3.9.2 Dynamic Voltage and Frequency Scaling (DVFS)

Simultaneous scaling of processor voltage and frequency has been used extensively for many years to reduce the power consumption of CPUs and other processing units. Equa- tion 3.2 indicates that frequency has a linear relationship with power consumption and that the supply voltage has a quadratic relationship. A processor that experiences slack time will have a lower power consumption if it is able to run at a lower voltage and frequency. The time it takes for a calculation to complete will then increase but the overall power consumption will be reduced. If the processor is able to stay in a busy state at a low voltage /frequency then the overhead of mode transition can be avoided.

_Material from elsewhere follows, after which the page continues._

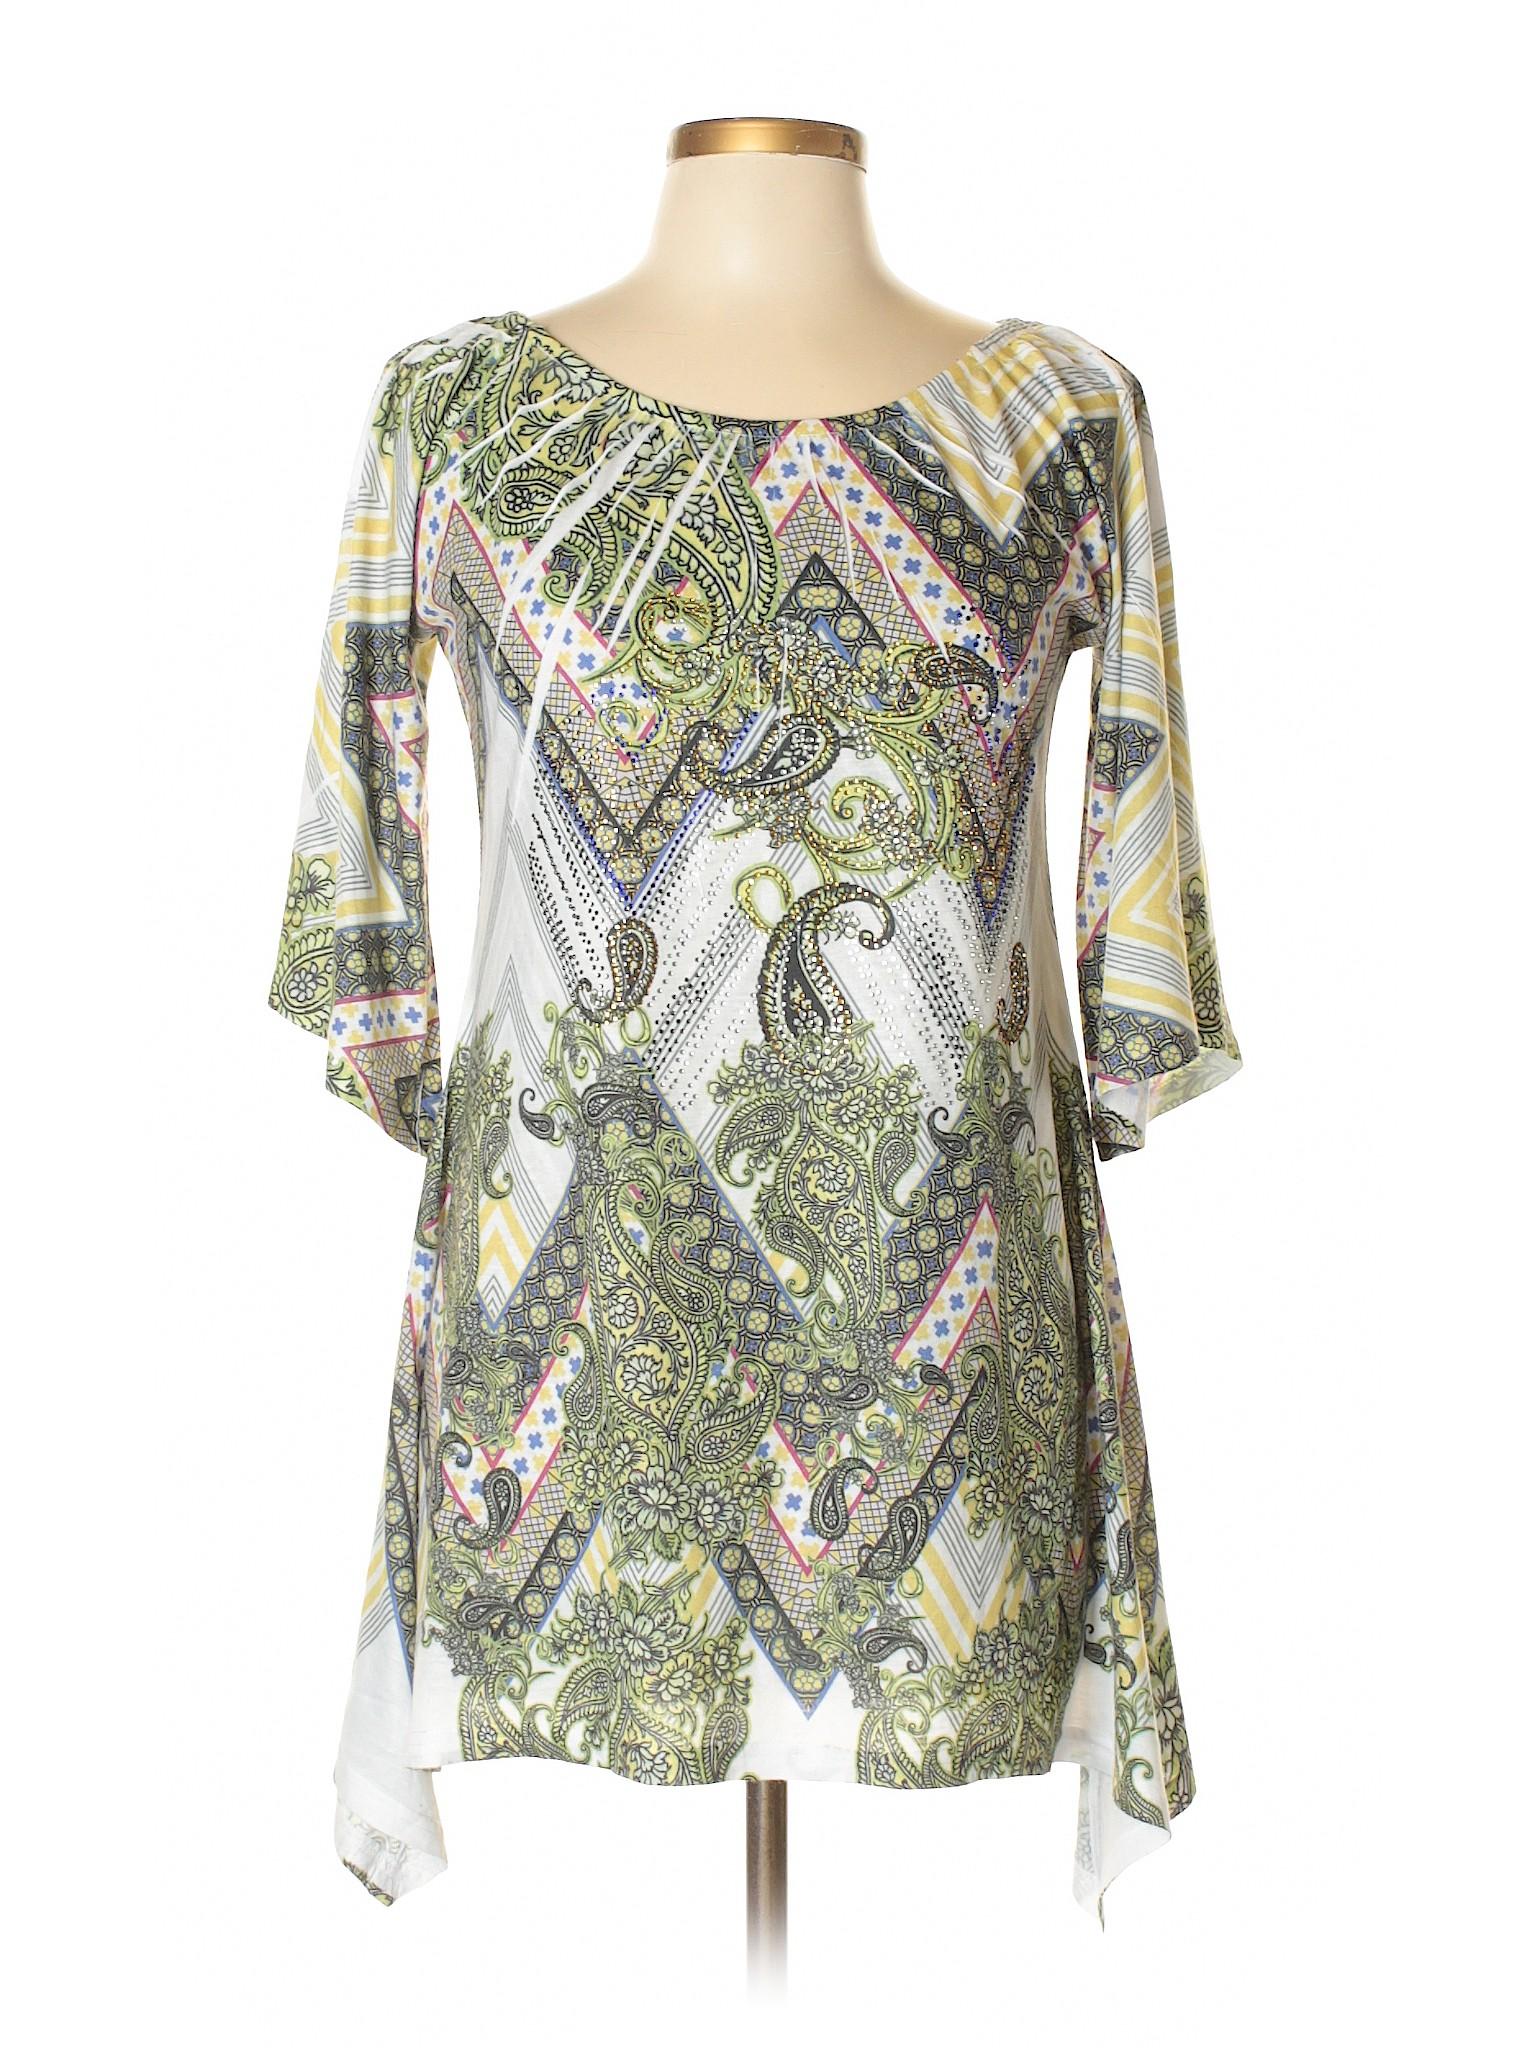 Casual Boutique Dress Dress Bacci Bacci Casual winter Boutique Boutique winter winter ZwqqCTP

Using DVFS on a GPU or a CPU performing graphics rendering will increase the frame latency (Section: 4.5) slightly but reduce power consumption significantly. Park et al.[27] have used DVFS on a development board with performance similar to the i.MX31 to achieve energy savings of up to 46% compared to a non-DVFS scheme. Taking advantage of both intra-frame- and inter-frame slacks to scale down the CPU frequency in times of reduced workload. Intra-frame DVFS conservatively identify rendering slack time caused by the imbalance between different stages in the pipeline, while the inter- frame DVFS picks up any remaining slack in between frames.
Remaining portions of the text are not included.